Rabat - Moroccan doctors and human rights activists have called the UN’s Secretary-General Ban Ki Moon to take action against an Israeli new law preventing Palestinian inmates from using fasts to win their freedom.
Rabat – Moroccan doctors and human rights activists have called the UN’s Secretary-General Ban Ki Moon to take action against an Israeli new law preventing Palestinian inmates from using fasts to win their freedom.
This comes after Israeli legislators voted in favor of a controversial bill in June, commanding local authorities to force-feed Palestinian prisoners who are on hunger strike.
Moroccan health professionals along with human rights activists have addressed Ban Ki Moon in an open letter, asking the United Nations to take action against this new law.
The open letter said that this move is a “gross violation of human rights” and considered it a “form of torture which is criminalized in the International Human Rights Law.”
The letter pointed out that “Health professionals around the globe are committed to the ethical statement which prohibits any use of the medical profession for torture.”
The letter also appreciated the professional stance of Dr. Leonid Eidelman, Head of the Israeli Medical Association who called on doctors to ignore the new law.
The Israeli Medical Association remains firmly opposed the new law. It called this new measure “torture” and vowed to appeal the legislation.
Dr. Leonid Eidelman wrote to the Israeli Minister of Justice YeletShaked, saying the proposed law “places responsibility on the doctors to take actions despite the active objections of the detainee.”
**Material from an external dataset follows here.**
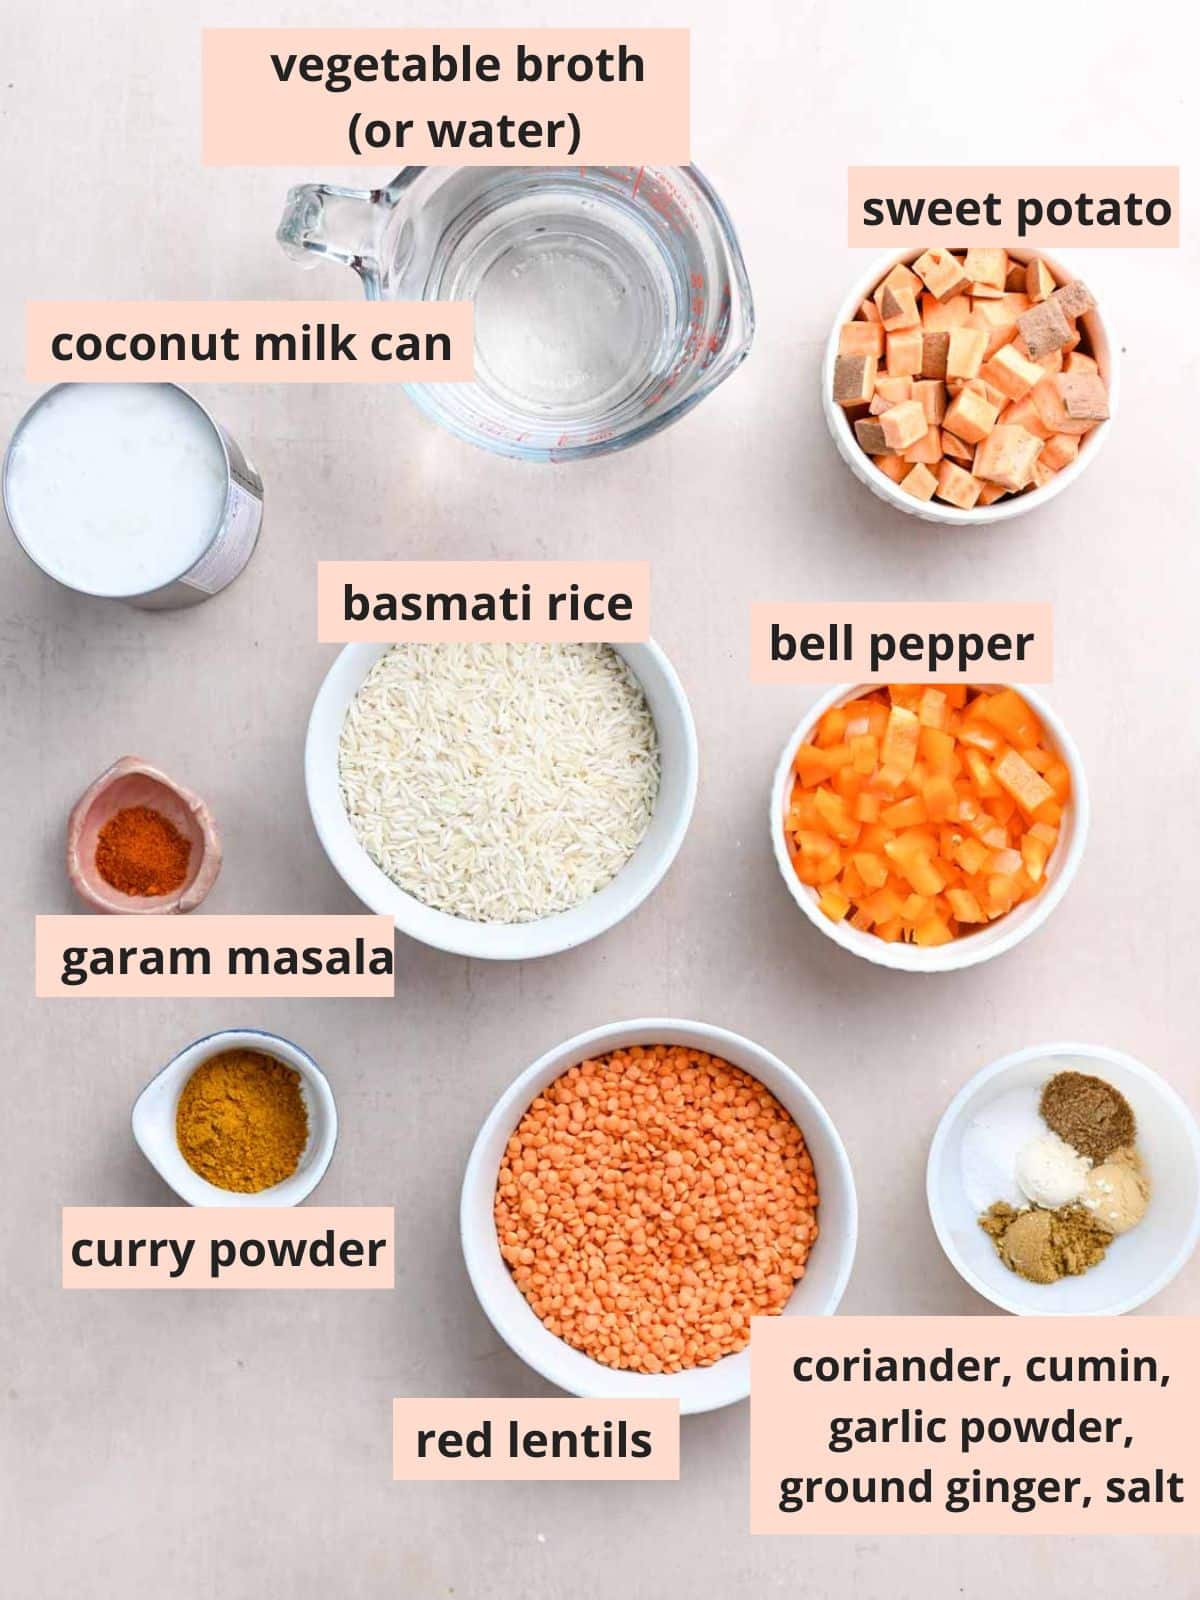 Labeled ingredients used to make red lentil casserole.

“Parenteral (intravenous) nutrition administered to a patient capable of judgement against his will isn’t ethical and uses humiliating means bordering on torture,” Eidelman concluded.
Israeli’s Ministry of Public Security, who put the bill forward, said it was a human move to “prevent prisoners from harming themselves and from pressuring the Israeli authorities.”
In fact, multiple media reports suggested that Israelis fear hunger strikes in Israeli prisons could end up in deaths and thus trigger waves of protests in the occupied West Bank and East Jerusalem.